Моя приятельница, эксцентричная Лилиан д'Алефельд, как-то сказала мне: «Ты всех моих египтян покоряешь, познакомь и меня с русским князем». Я позвонила Владимиру Кшесинскому-Романову, и на следующий день мы пошли ужинать в «Динарзад». Роман начался моментально. На следующий день взволнованная Лилиан сказала: «Людмила, наряжайся в пух и прах! Мой лимузин повезет нас к Кшесинской ужинать».

С Матильдой Кшесинской я встречалась многократно. Великий князь Андрей Владимирович, ее муж, был милейший человек. У них был небогатый, но зато очаровательный дом с террасой в саду возле улицы Пасси (Вилла Молитор, дом 10) в 16-м аррондисмане Парижа.

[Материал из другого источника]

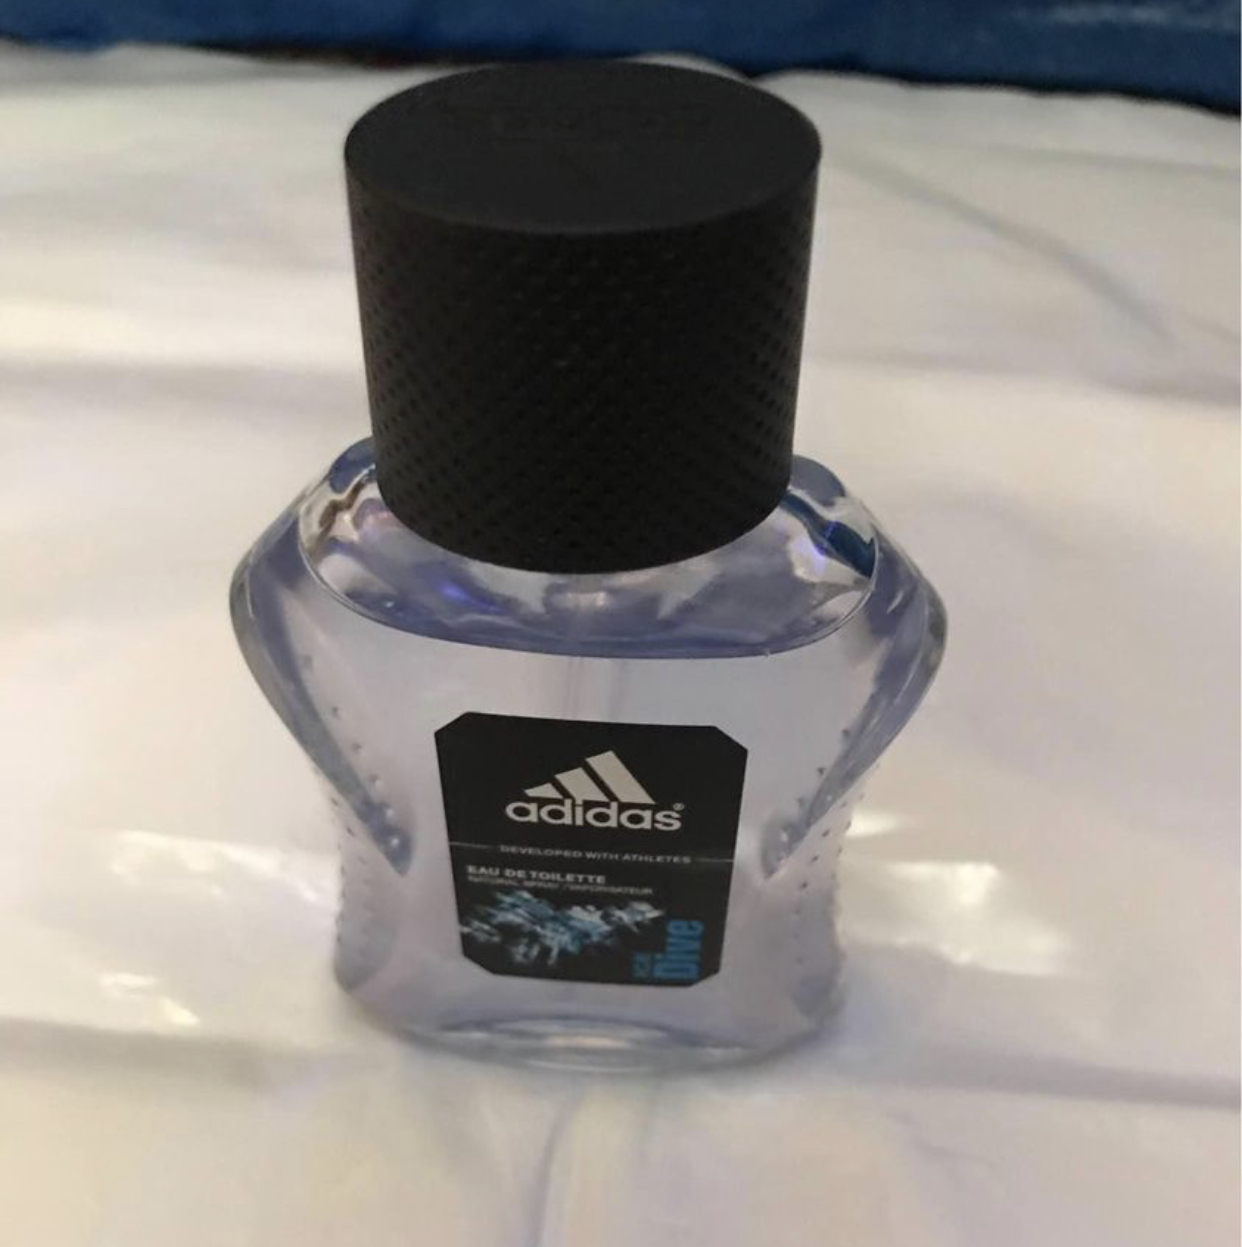 Adidas Ice Dive perfume

Несмотря на свой возраст, прима-балерина ассолюта продолжала учить искусству танца в своей студии, основанной еще в 1929 году. Вместе с ней жила ее сестра, балерина Кшесинская-вторая, которая редко спускалась вниз из своей спальни, так как была стара, больна и плохо ходила. Ее сын Вова жил вместе с родителями, в том же доме. Он был красивый, милый молодой человек и нашел себя в эмиграции следующим образом: сделался коммивояжером, ездил на велосипеде, продавал вина своим приятелям и знакомым. Мне тоже. Мы были друзья.

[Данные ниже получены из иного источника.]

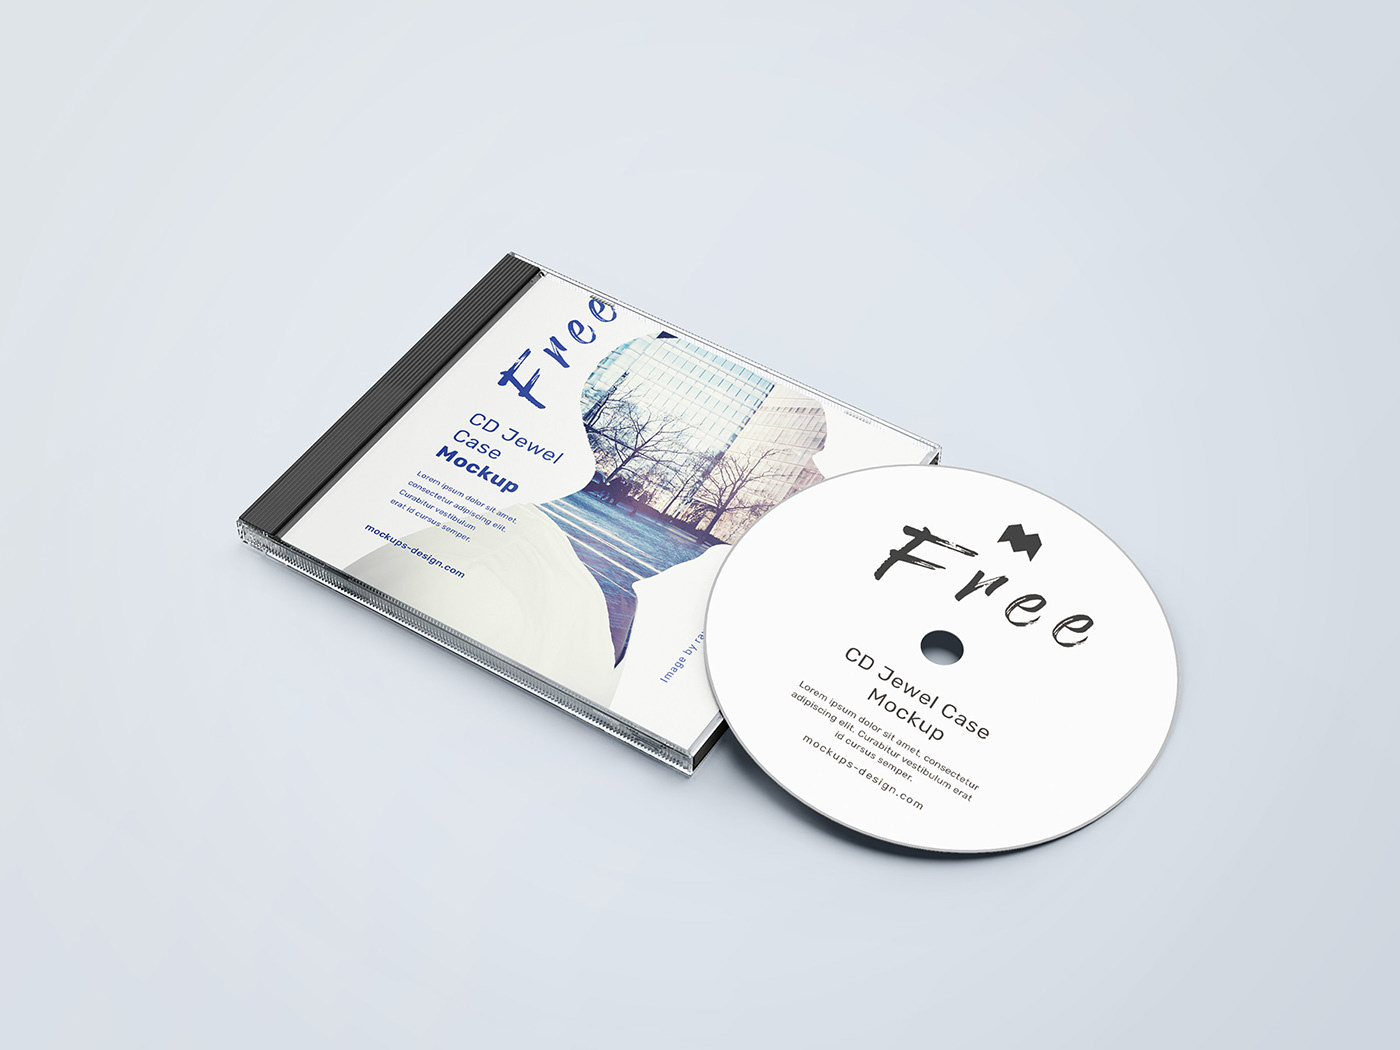 free cd DVD tray package Mockup freebie download

Помнится, Вова держал в доме ручную черепаху, ухаживал за ней, кормил капустными листьями, которые черепаха очень любила, уделял ей на удивление много душевного пыла. Но вот – у черепахи появилась серьезная соперница...

Мы приехали. Разодетая Лилиан сделала глубокий реверанс и склонила голову перед княгиней и князем. Андрей Владимирович улыбнулся и, чмокнув меня в щеку, спросил: «Как жизнь?» Ужин был превкусный, княгиня оставалась умной и приятной собеседницей, Лилиан не спускала глаз с Вовы... А через неделю сняла у них комнату, очень уютно ее устроила и – переехала. Там были зеркала, дамский уют – и все благодаря энергии Лилиан.

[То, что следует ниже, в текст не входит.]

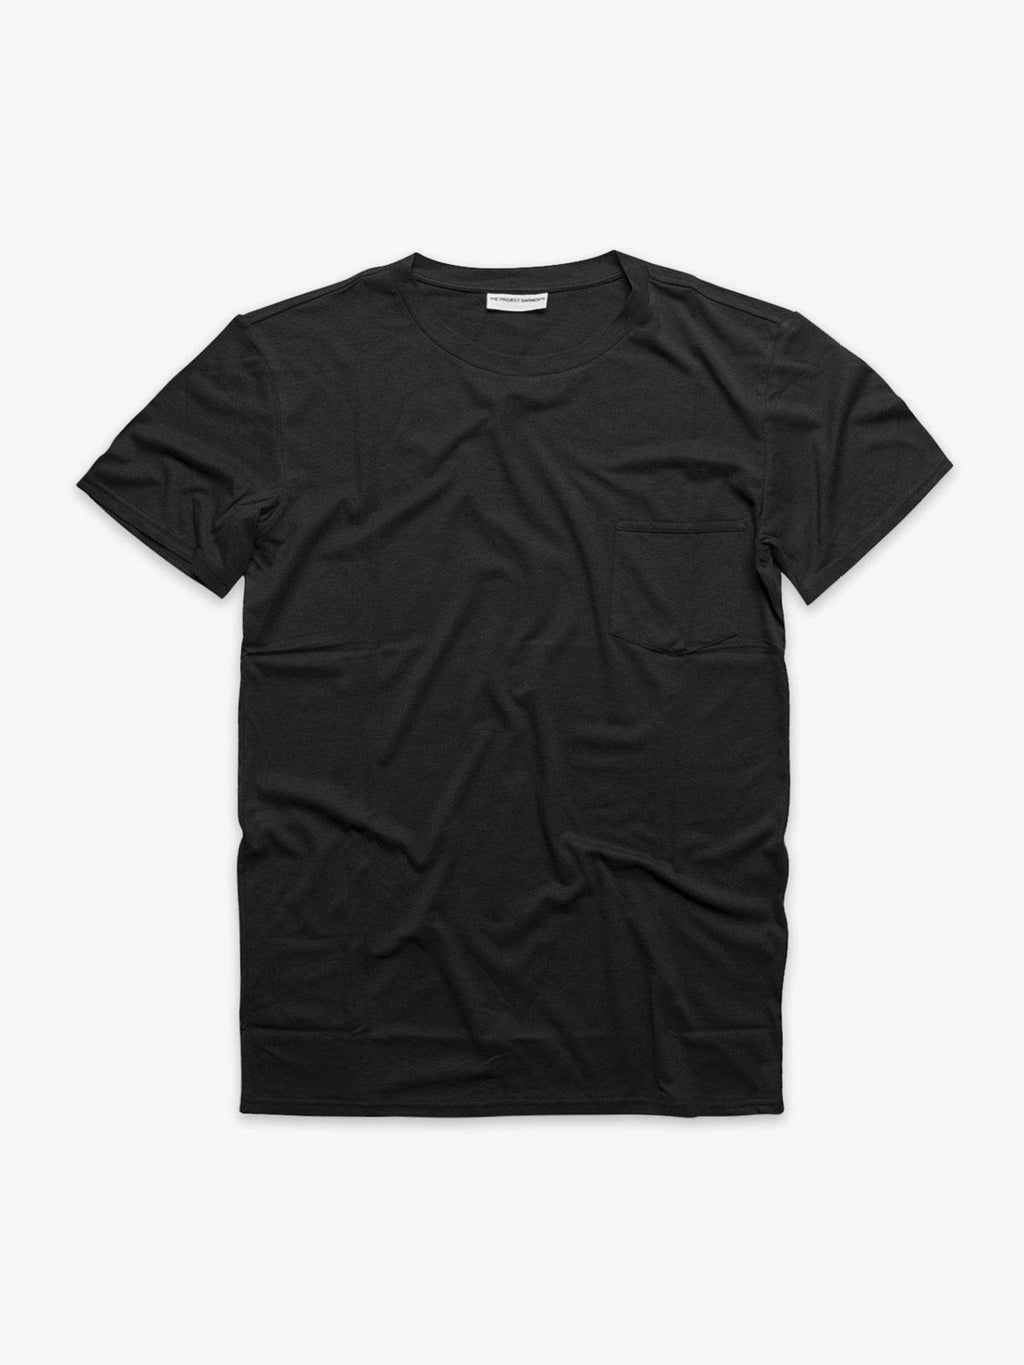 The Project Garments Crew Neck Modal-Blend Pocket T-shirt Charcoal Grey

Прошло некоторое время. Лилиан как-то разочаровалась в Вовиной элегантности и заскучала. Вскоре, на Пасху, как-то вечером к ним пришел Сергей Лифарь – и тут моя Лилиан действительно влюбилась... Лифарь был с конца сороковых не в фаворе у Парижской оперы. После немецкой оккупации Парижа ему постоянно ставили в вину встречу с Гитлером, которому он якобы показывал здание Гранд-опера. Он сумел найти работу только в Финском национальном балете в Хельсинки, потом танцевал в Сан-Морице, в Швейцарии, а позднее в Лиссабоне поставил «Жар-птицу» в оформлении Дмитрия Бушена.
И только Кшесинская была очень расстроена этим романом – потому что знала, как сильно ее сын любил Лилиан... Так расстроена, что однажды плеснула в Лилиан кипятком.

Pavillon Russe

Мой ресторан «Русский павильон» открылся 5 ноября 1961 года на рю Лористан, 4, на углу авеню Виктор Гюго. Два шага от Триумфальной арки, очень удобная квартира наверху, над рестораном. И к тому же – место, уже отмеченное и судьбой, и парижанами: раньше там находилось ателье очень известного фотографа.




Второе, расхожее название ресторана было – «У Людмилы». Голубые стены, красный бархат, розовые лампочки на каждом столике (столиков было двадцать три или двадцать четыре, не помню точно). Вокруг всей залы – удобные диваны, на стенах – картины русских художников. Часть картин перешла ко мне из семьи Великого князя Бориса Владимировича. И оформлять зал отчасти помогал Рашевский, брат княгини Зинаиды Сергеевны, жены Бориса Владимировича.



На потолке была шкура белого медведя (мой брат привез ее из Сибири и рассказывал, что он сам этого медведя убил, но я всегда думала, что это чистая фантазия). На самом видном месте – картина Лапшина «Москва». (Я увидела впервые это полотно еще девочкой, когда мы с мамой были в Биаррице, в гостях у архитектора Минаша – отца художницы-графика Жени Минаш. И еще тогда влюбилась в картину. А много лет спустя мне позвонили и спросили, не хочу ли я ее купить. Мы с реставратором князем Эристовым немедленно отправились за ней. Глебушка Эристов потом привел полотно в полный порядок.)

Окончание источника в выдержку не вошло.